The difference is that Apple actually engineers their own products and OS. Also, they upgrade less often, and then when they do they upgrade a whole family of products simultaneously. That helps make it newsworthy. Yes, the speed improvement is a whopping 167 MHz per config (or only 1x on the multiplier), but when they revved the PowerBooks today they also added features (like dual-DVI support and the funky new scrollpad), changed video cards, and upgraded other stuff like Bluetooth.
Plus, Apple is Apple. Dell is just another PC vendor. If Dell is doing an upgrade, chances are all the other PC vendors are putting the same feature in their equivalent model at the exact same time. Like I said above, the news is when Intel or AMD introduce the upgrade that everybody then puts into their product lines, not when Dell does theirs.
-- Josh Turiel
"2. Do not eat iPod Shuffle."
Hmmm...built in Bluetooth 2.0 + Apple Bluetooth keyboard + Logitech MX900 = Wireless keyboard mouse. so you'd plug in the 1 cable, unless you need firewire for an ipod, ext harddrive, etc.
Check your drive...it might actually be +/-RW. Apple has included these for quite a while--they just didn't officially support it. My PowerBook from around last Thanksgiving is +/-RW.
You can check with "drutil" in a terminal window.
And if your does not include -RW or +/-RW, note its model number and Google for it, because some of the older drives Apple used can be updated via a third-party firmware update for -RW or +/-RW.
Really. I don't care much for either, after using the Thinkpad. I'd really like a laptop that invested an extra half inch of depth in a keyboard like the ones on the old Toshiba Satellites, with almost full travel keys. They were SO much better to type on than any laptop available today... most of which feel like I'm trying to type on the scales of a slightly putrified dead alligator.

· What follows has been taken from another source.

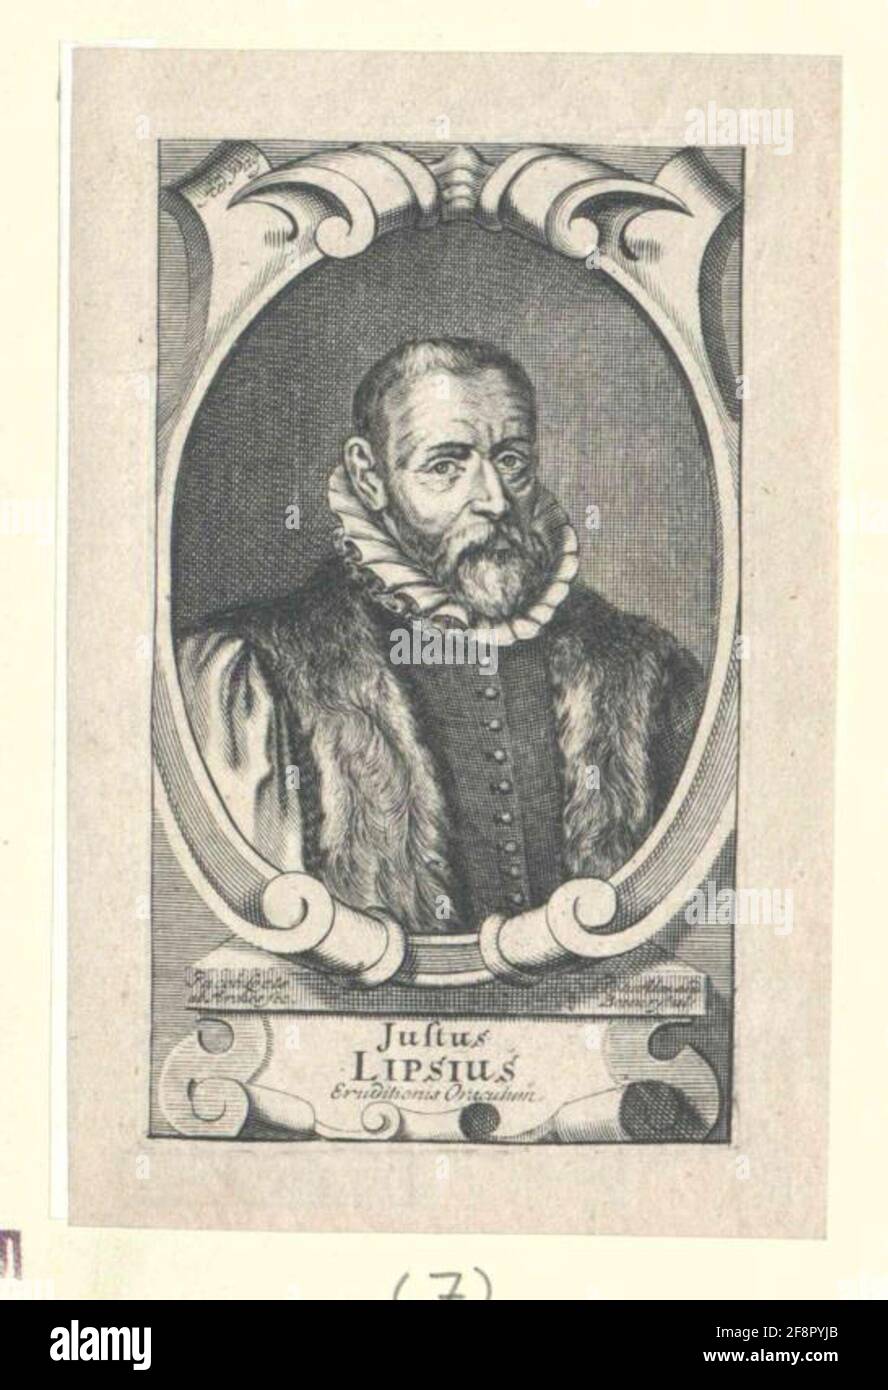 Lipsius, Justus Stecher: Boener, Johann AlexanderDation: 1662/1720 Stock Photo

As far as the practicality of dual core vs. single core machines goes ... Without concurrency there's no boost; with concurrency usually there is some boost and it is possible, in fact, to have a dual core system be faster than single core at twice the speed. It's not common but it all depends on what you're doing.
Yes, I already read the concurrent programming article a while back, but I'm afraid I don't share your enthusiasm for it. I think the author blurs program performance and performance programming. The first is about raw speed, the second is about making your program run X percent faster than your competitors' do. As such the "free lunch" he describes never really existed for people who actually do performance programming. Concurrency is already used whenever possible since you never know when you might be runnning on an SMP machine. Abstract machines can be massively parallel regardless of the hardware underneath. For everybody who doesn't do performance programming, the problem usually comes down to decoupling the performance bottleneck from the rest of the application, then handing it off to a performance person. (They still have to make sure their code is reasonably fast and lean, but parallelism isn't a big issue)
Anyway, I'm getting OT. I think the bottom line is that for the types of tasks I do, the performance benefit of SMP in a laptop sounds a lot better than the benefit of a G5.
now all i have to do is come up with $2400...anybody willing to help a poor college kid live the dream of OSX?
Well, I'll do my part to help you out. You can knock of about $20, if you buy a 3rd party spare battery. Slightly greater capacity on the Al batteries. More dramatic increases on the Ti and iBook batteries.
It's not offtopic, dumbass. It's orthogonal.